One-bowl, kid-friendly strawberry oat bars with a tender oat base, juicy strawberry filling, and a simple glaze — perfect for breakfast, snacks, or dessert.

This recipe for Easy Skinny Strawberry Oatmeal Bars has been a quiet staple in my kitchen for years. I first mixed these together on a hectic Saturday morning when I needed something portable, wholesome, and sweet enough to keep the kids happy but light enough not to feel like a full dessert. The result was exactly that: a chewy, slightly crumbly oat base, a bright jammy strawberry center, and a thin, glossy glaze that pulls everything together. The bars are forgiving, simple to assemble, and travel well — they've become my go-to for school lunches and weekend coffee runs.
What makes these bars special is their texture and balance. The base uses old-fashioned rolled oats and white whole wheat flour for structure, while light brown sugar and a touch of melted coconut oil give a pleasant chew without heaviness. Fresh diced strawberries, a pinch of cornstarch, and a touch of lemon make the filling sing — bright, not cloying. I love that the recipe is effectively one bowl for the crumb mixture, and the strawberry filling requires only a light toss with sugar and cornstarch; there’s no simmering or jam-making involved.
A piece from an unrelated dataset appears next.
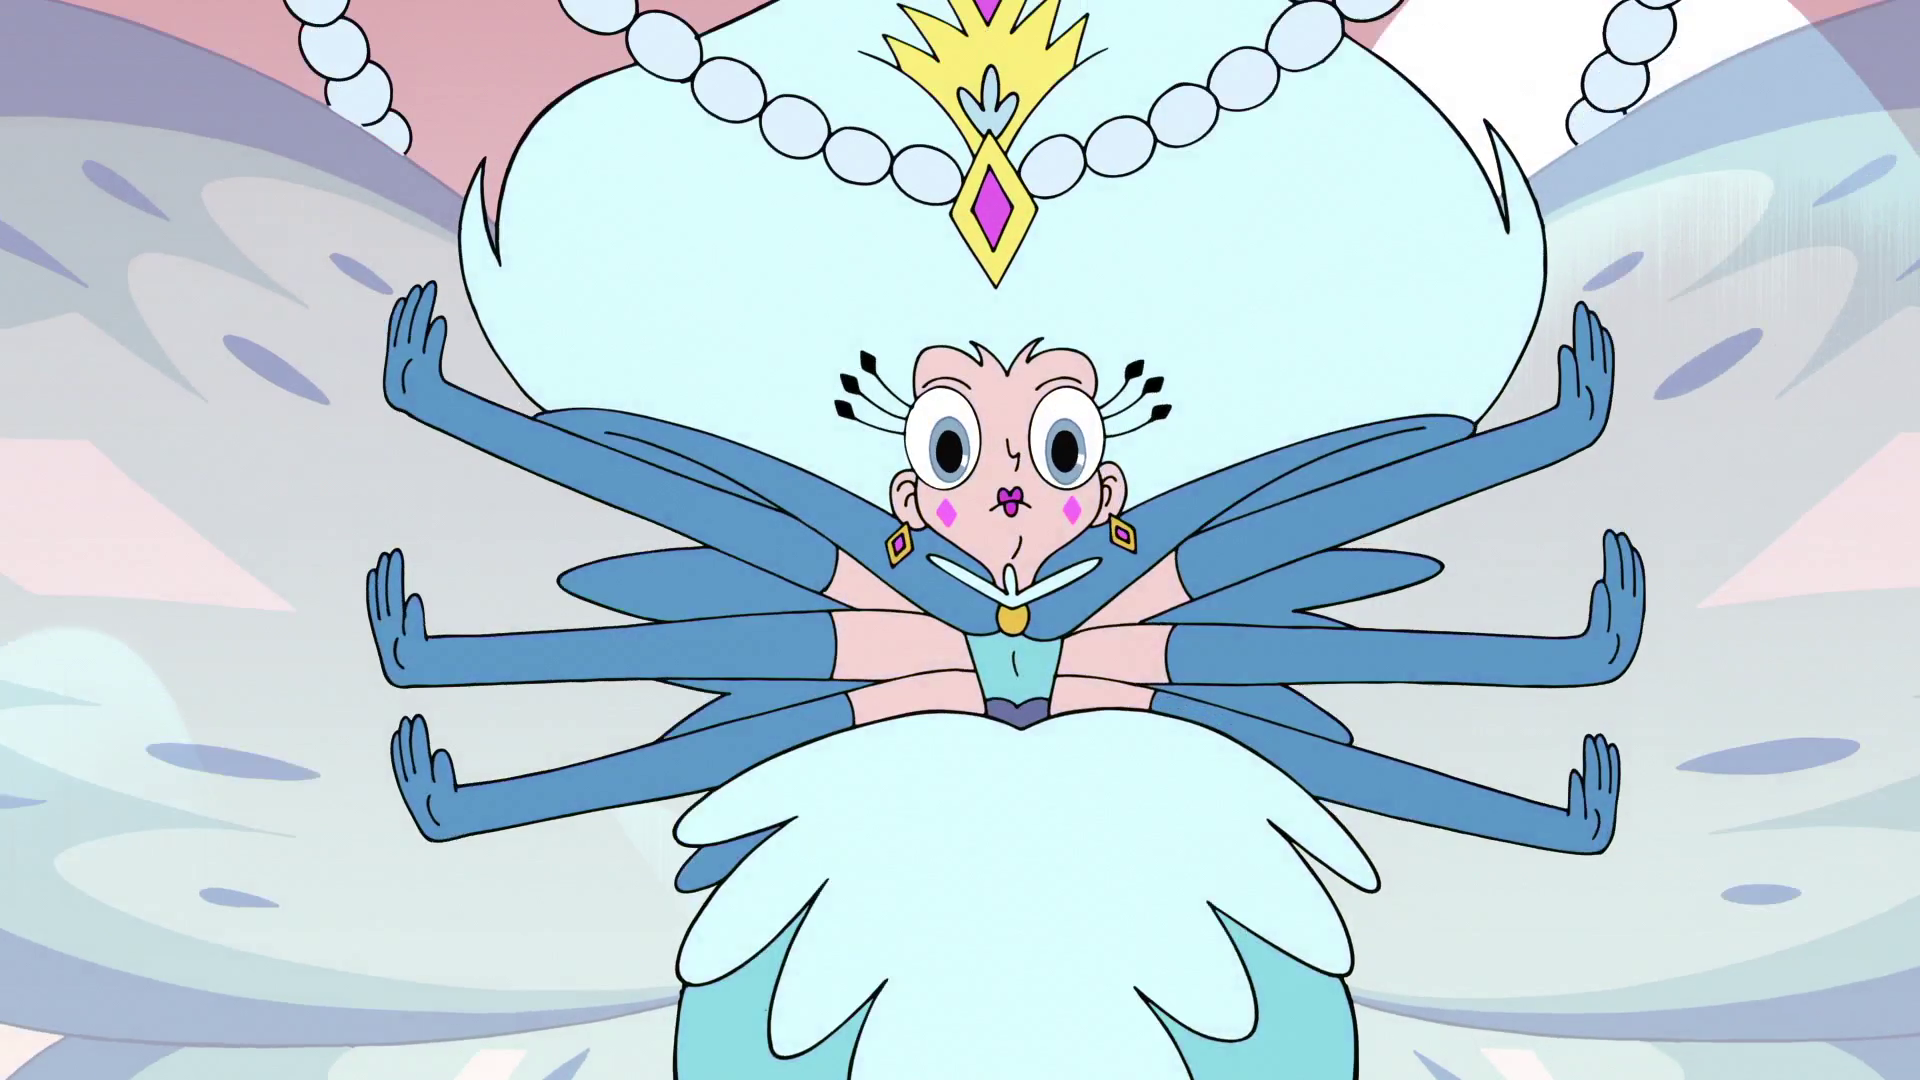 S2E15_Queen_Butterfly_with_wings_and_six_arms.png.
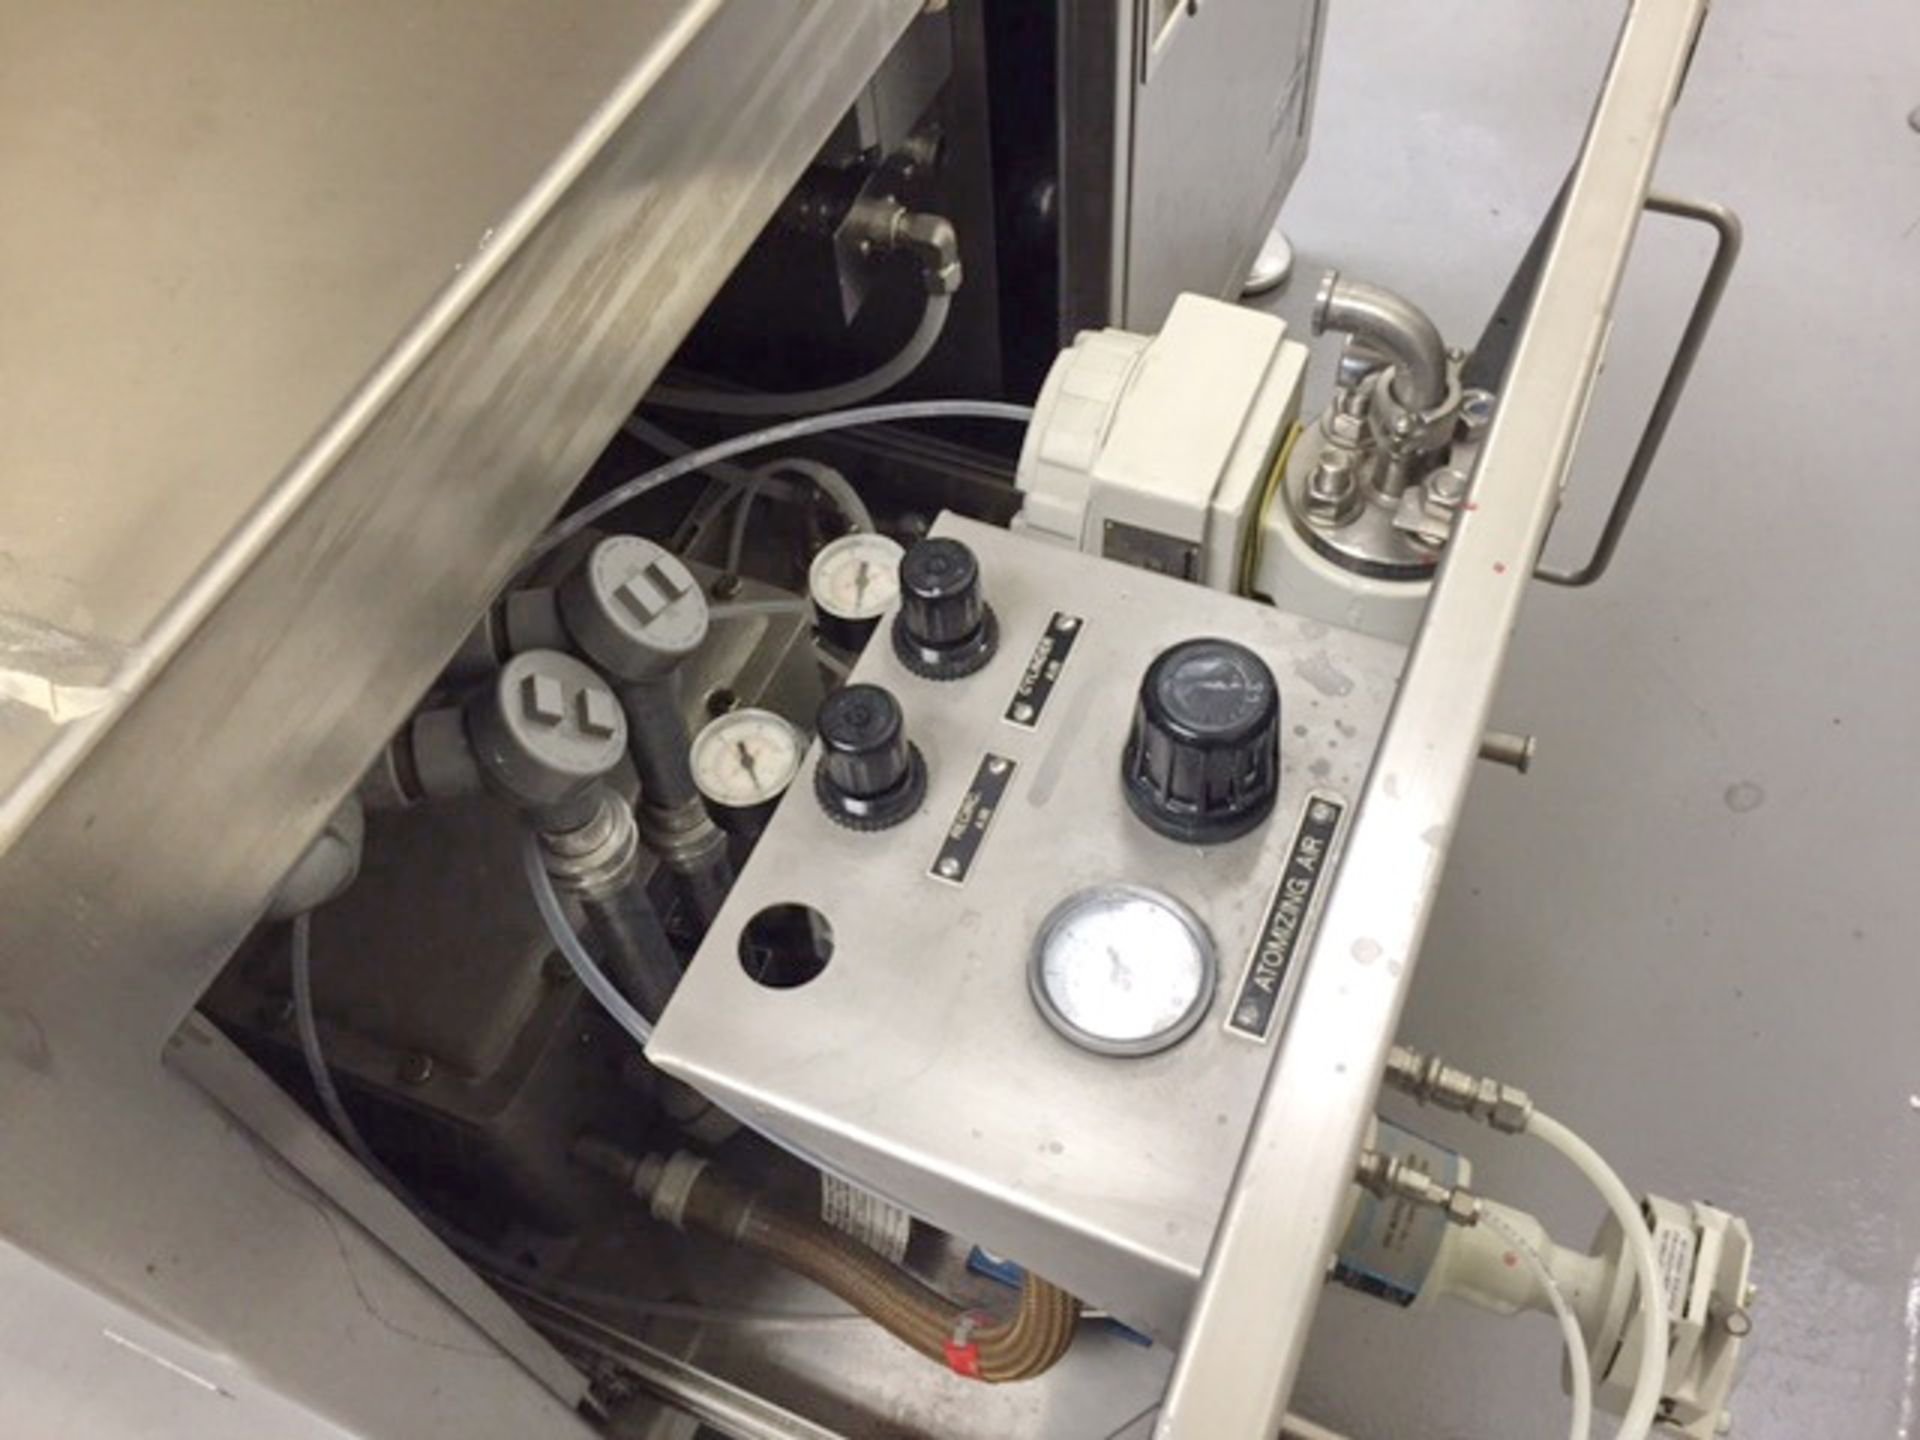 Thomas XR Perforate Interchangeable Pan Coating System rated for solvents, Model Compulab 24 - Image 8 of 23

Family members have asked me to double the batch on many occasions, and they disappear at potlucks faster than I can cut them.
Why You'll Love This Recipe
- One-bowl base and quick assembly means less cleanup — the crumb mixture is stirred together, part pressed into the pan, then the rest sprinkled on top for a rustic finish.
- Ready in about 55 minutes total (15 minutes prep, 40 minutes bake), making it perfect for weekend mornings or an afternoon snack prep.
- Uses pantry-friendly ingredients like oats, whole wheat flour, and brown sugar; fresh strawberries are the only produce you need.
- Kid-approved texture — chewy, not cakey — and easy to slice into bars for lunches or grab-and-go breakfasts.
- Make-ahead friendly: refrigerates and freezes well, and the simple glaze makes them feel special without added effort.
Personally, I discovered this while trying to create a lighter breakfast bar that still tasted homemade. My neighbor tried them and said they reminded her of strawberry crumble — a huge compliment. They’ve shown up at school events, morning meetings, and rainy-day baking sessions, always earning second helpings.
Ingredients
- Light brown sugar (7 tablespoons): Adds moisture and a hint of molasses flavor. Use a light brown sugar you enjoy; it dissolves easily into the oat mixture for chewy bars.
- Salt (dash): Small but important — balances the sweetness and enhances the oats’ natural nuttiness.
- Ground ginger (1/4 teaspoon) & cinnamon (1/4 teaspoon): A subtle warm spice profile that complements strawberries without overpowering them.
- Vanilla extract (1/2 teaspoon): A tiny splash brightens the base and glaze. Pure vanilla gives the best flavor.
- White whole wheat flour (3/4 cup): Lighter than traditional whole wheat but adds structure and a mild wheat flavor; use King Arthur or similar for consistent results.
- Old-fashioned rolled oats (1 1/4 cups): For chew and texture — do not substitute quick oats if you want the same body.
- Melted coconut oil (7 tablespoons): Binds and browns the crumbs; mild-flavored coconut oil works well. You can use melted unsalted butter if you prefer.
- Diced strawberries (10 ounces): Fresh, ripe strawberries provide the bright filling. If strawberries are very juicy, toss gently with cornstarch to thicken.
- Cornstarch (1 teaspoon): Stabilizes the filling so it doesn’t make the bars soggy — essential when using fresh berries.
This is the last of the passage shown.